INSTRUCTIONS TO FOLLOW:
From the first line to the last, output the data exactly as it stands, minus its pictures.

--- MATERIAL PROVIDED ---

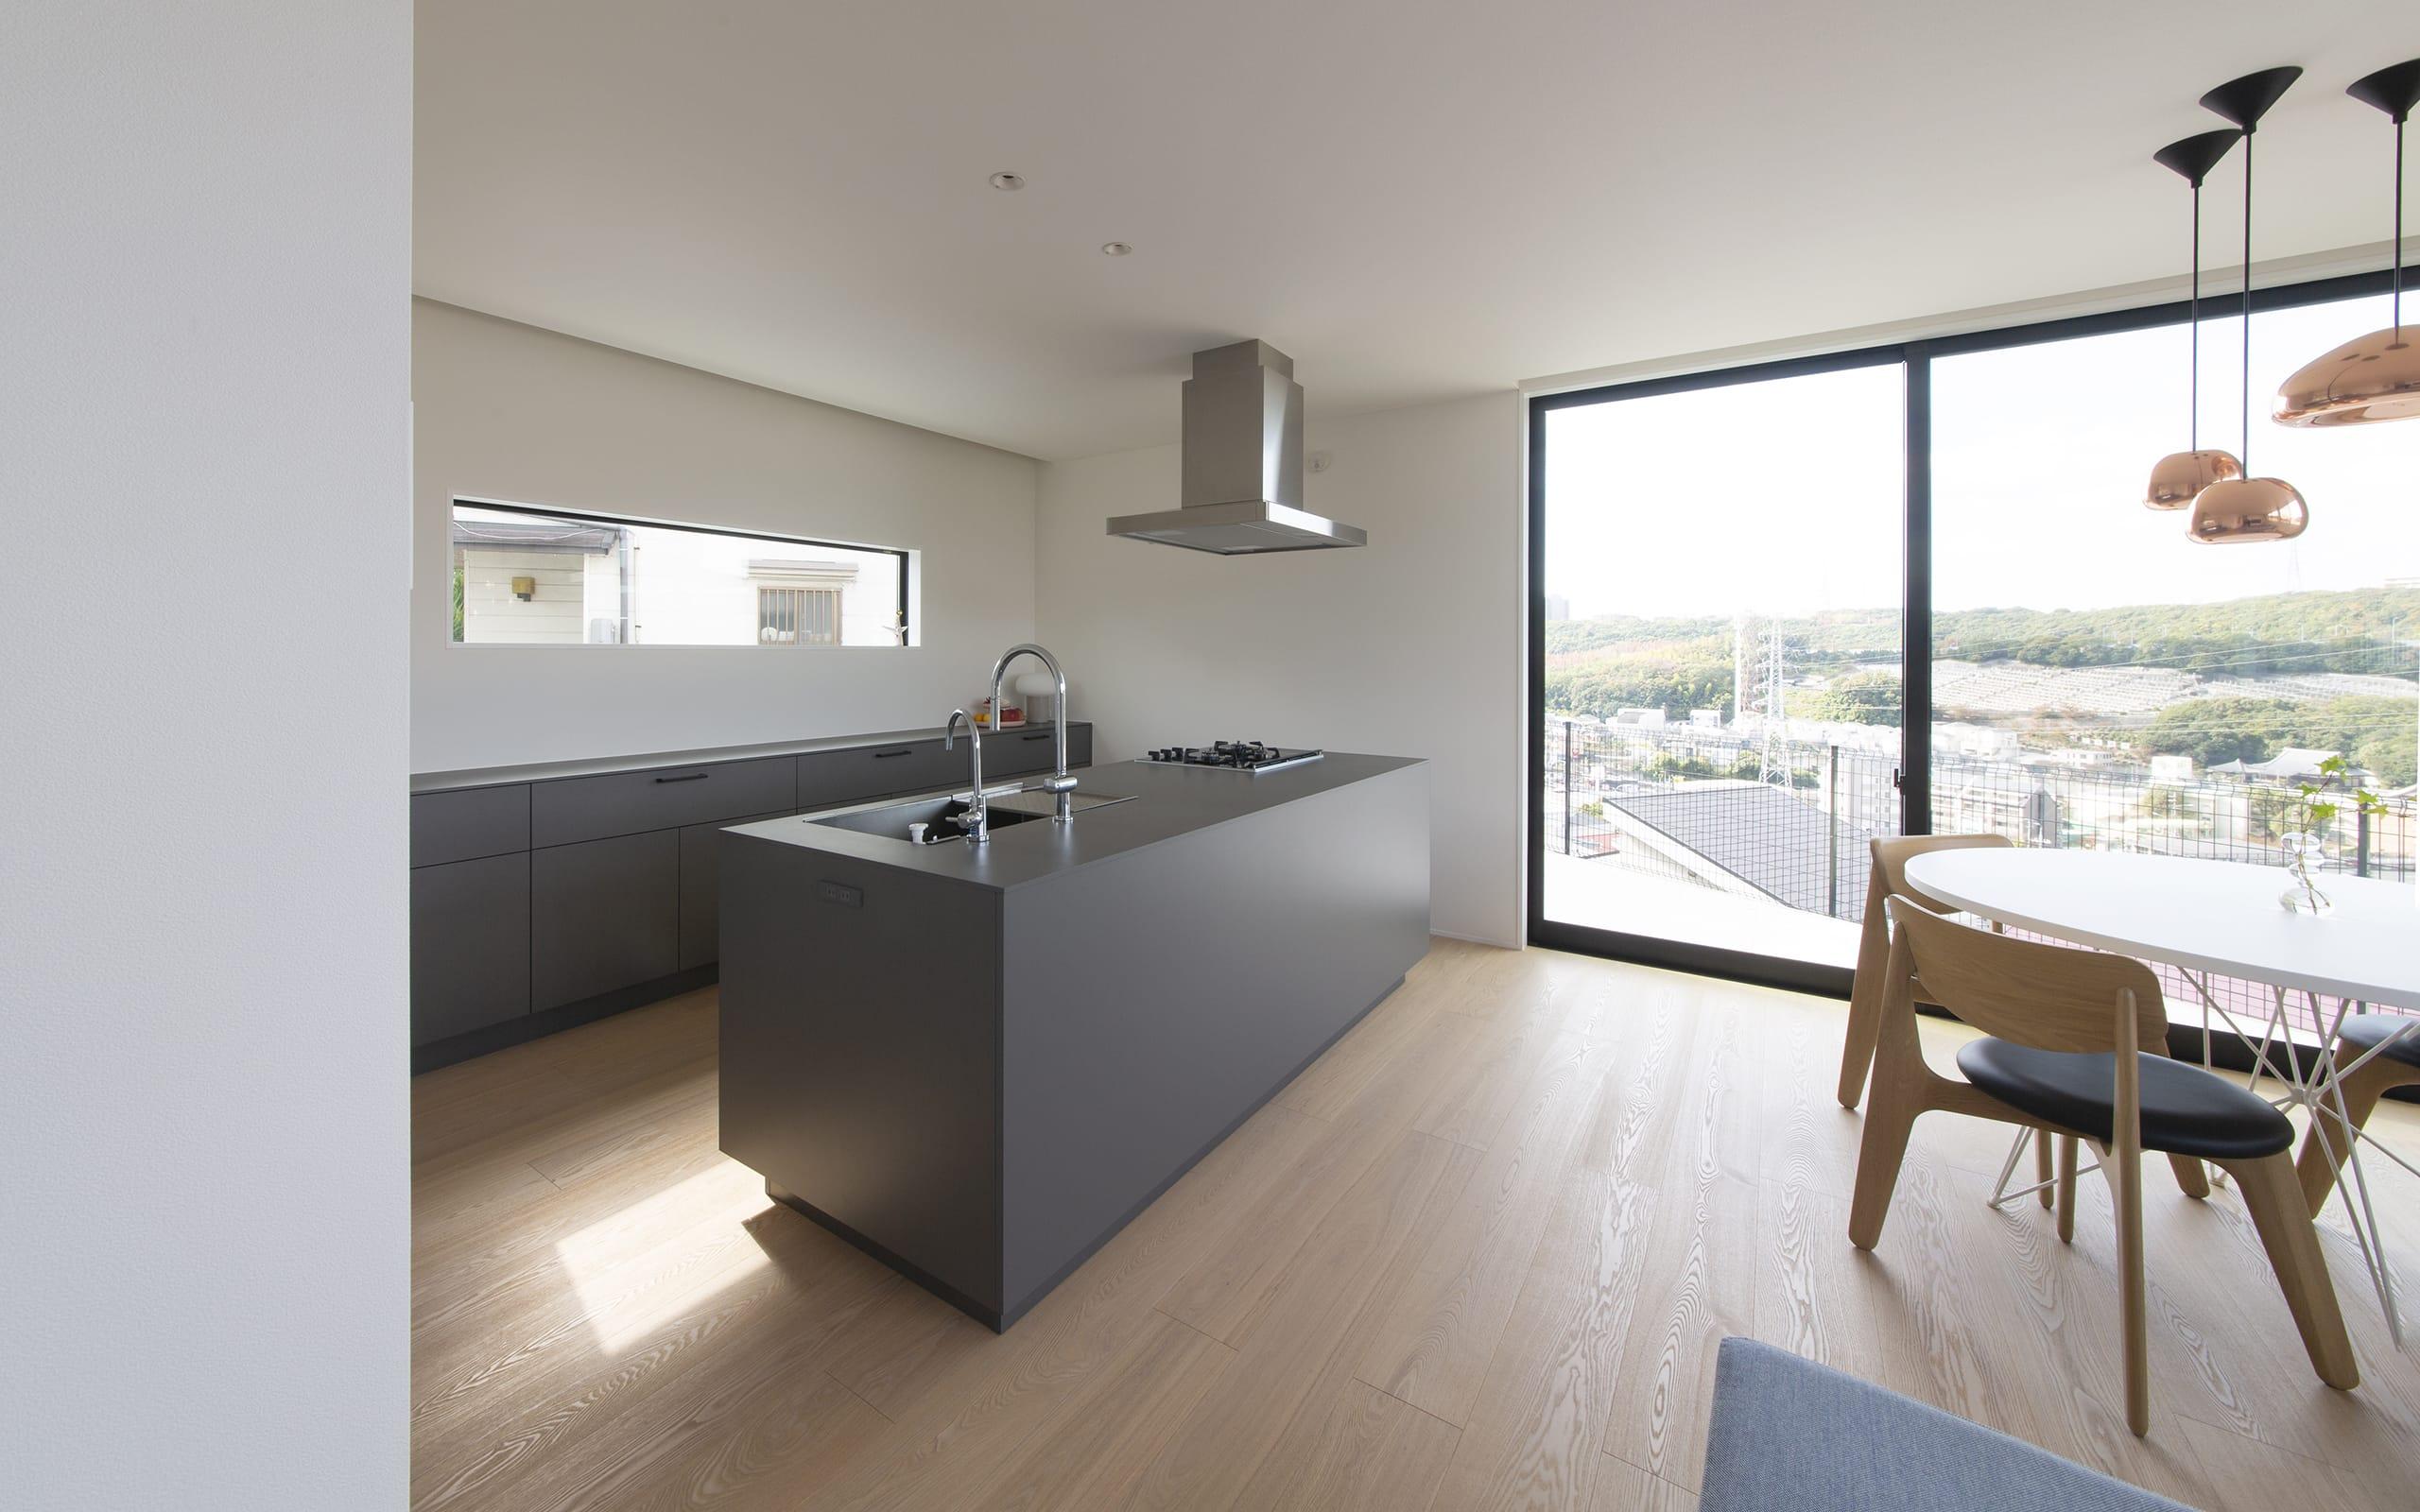 ルンバブルハウスのキッチン2
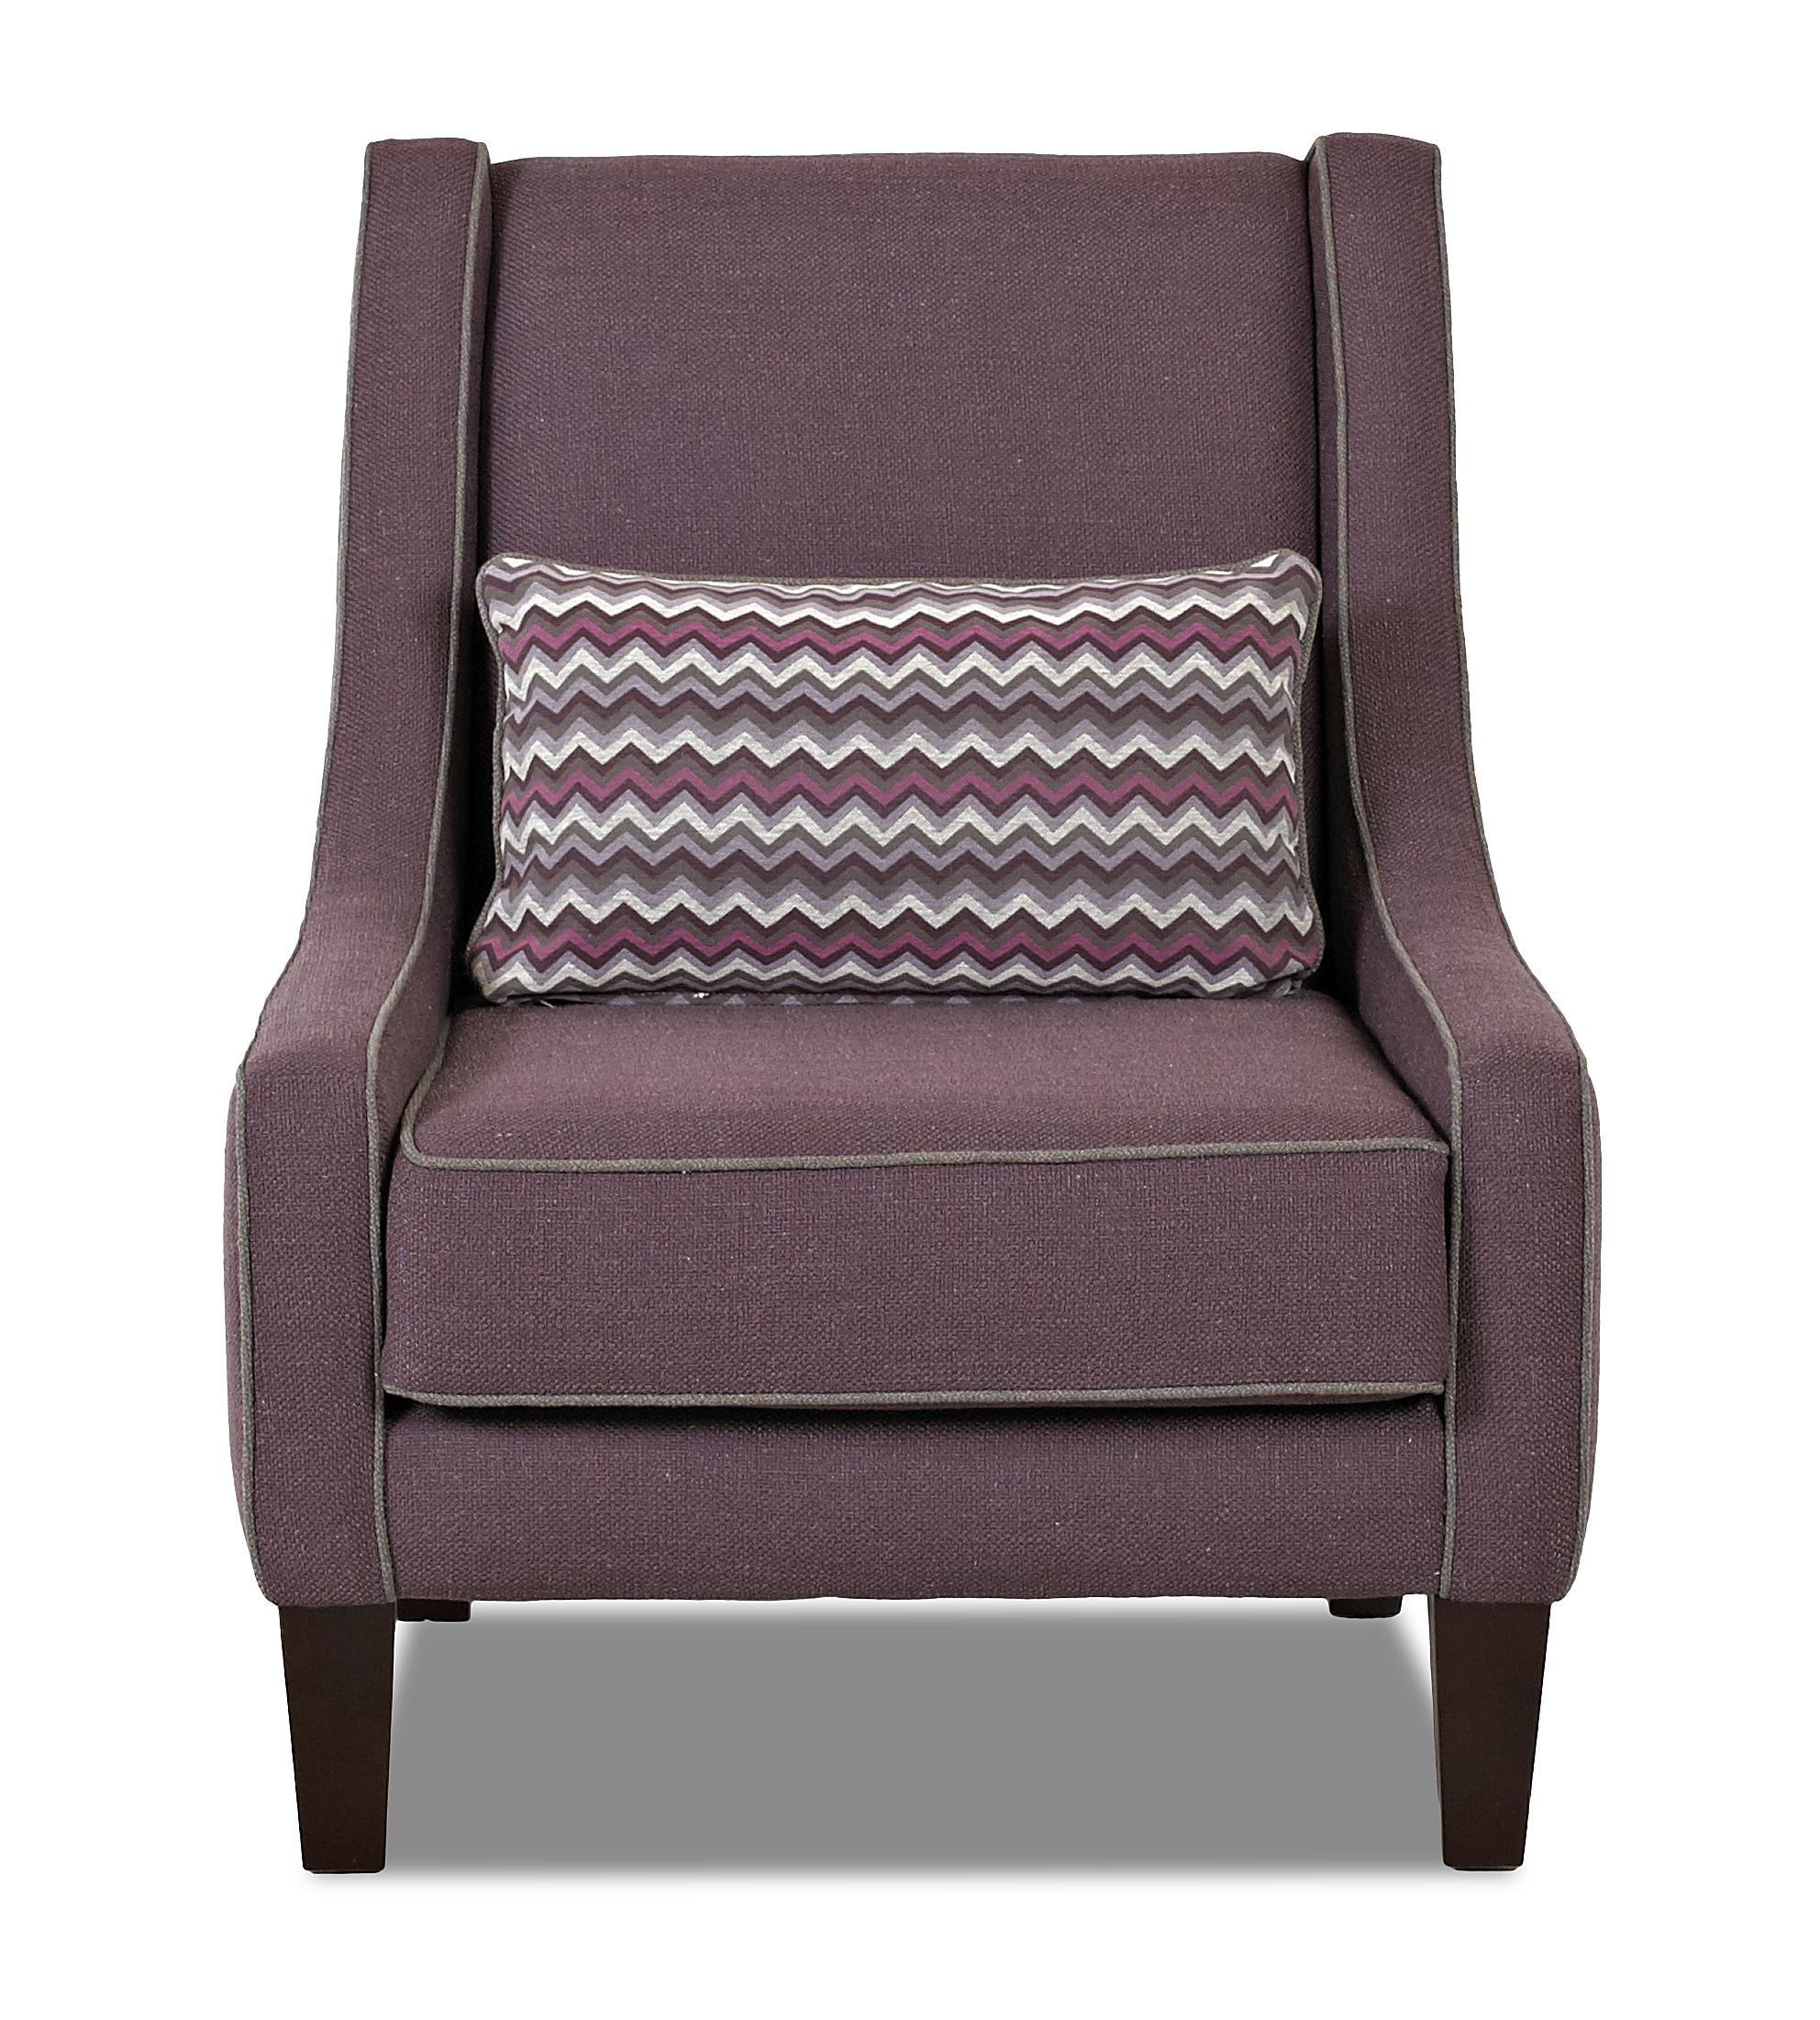 Matrix Accent Chair
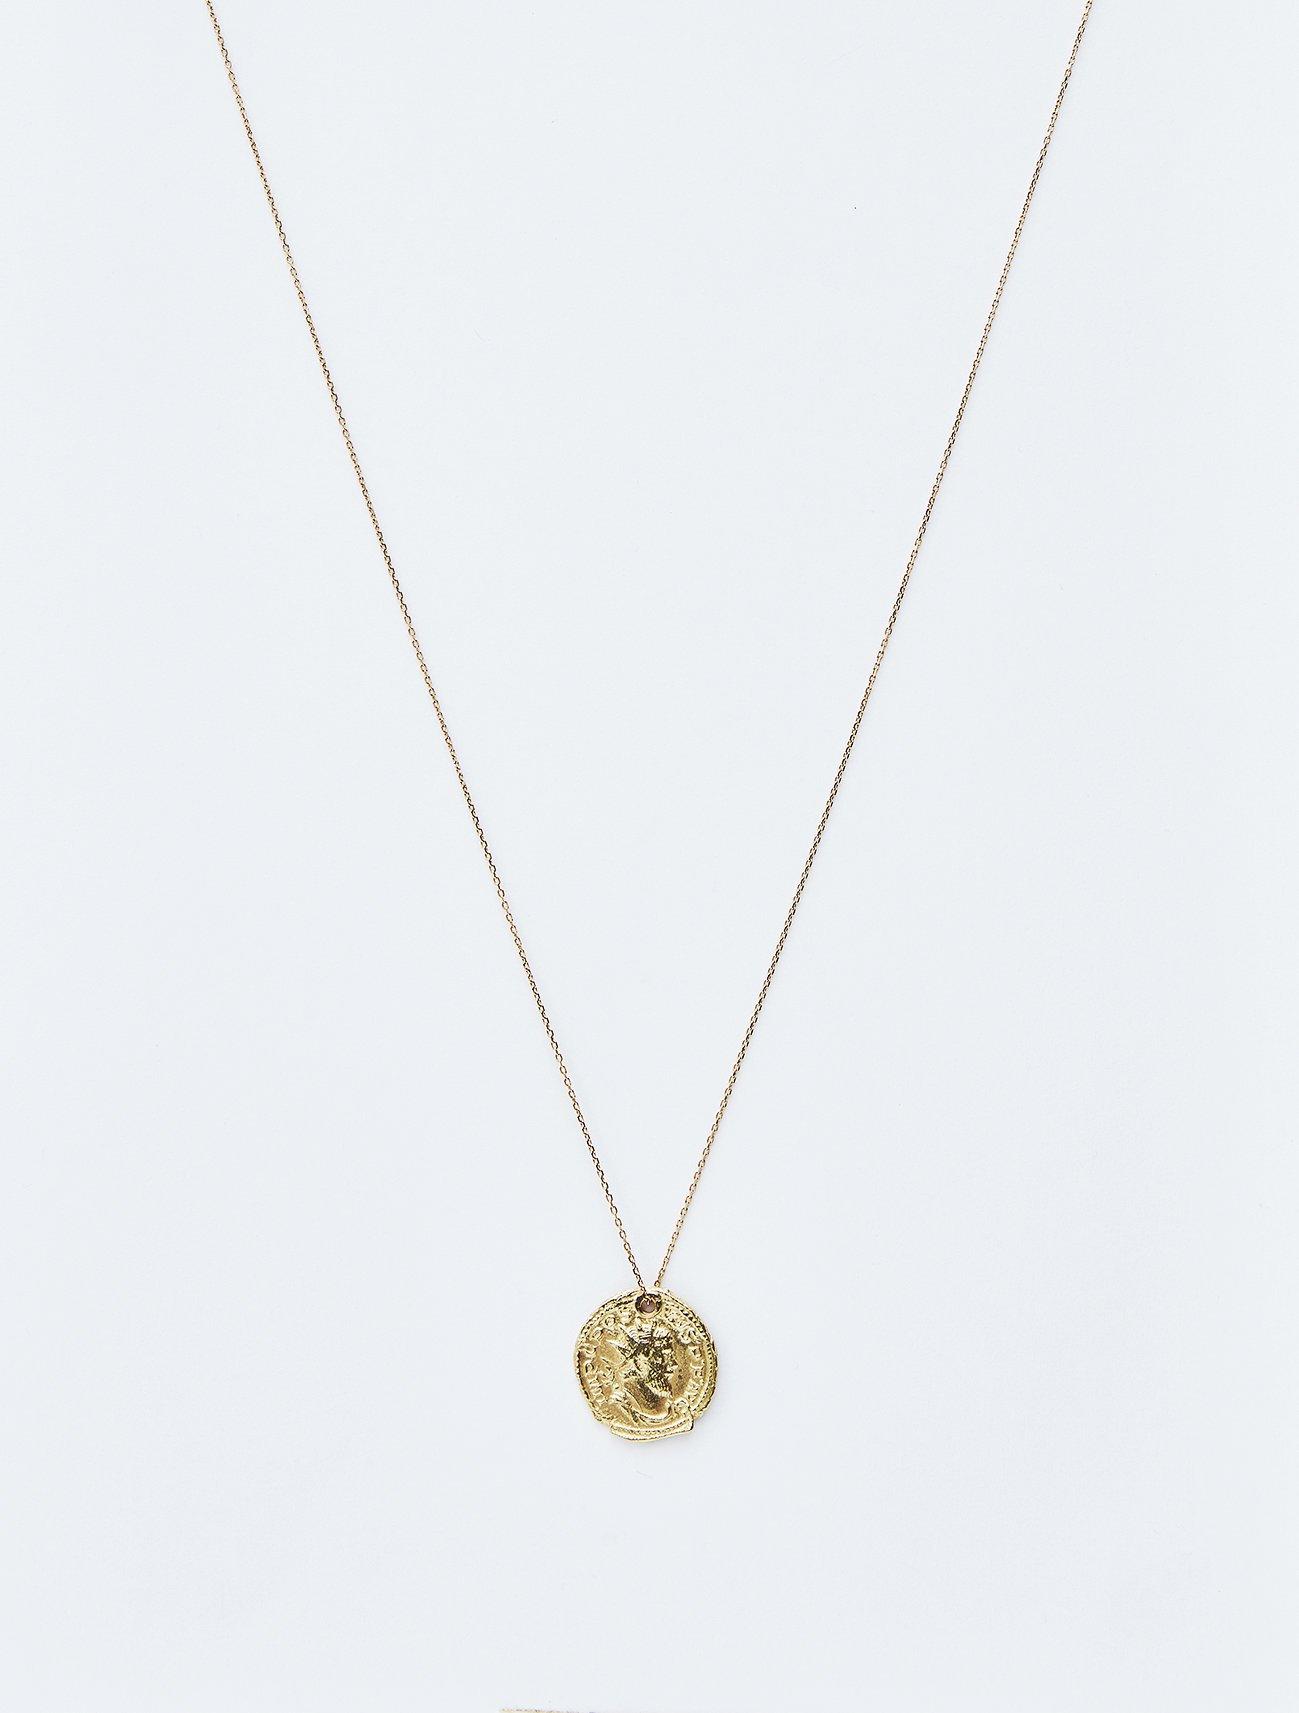 HELIOS / Roman coin necklace / ANTONINIANO / 在庫商品

---

TASK ANSWER:
 ルンバブルハウスのキッチン2
 Matrix Accent Chair
 HELIOS / Roman coin necklace / ANTONINIANO / 在庫商品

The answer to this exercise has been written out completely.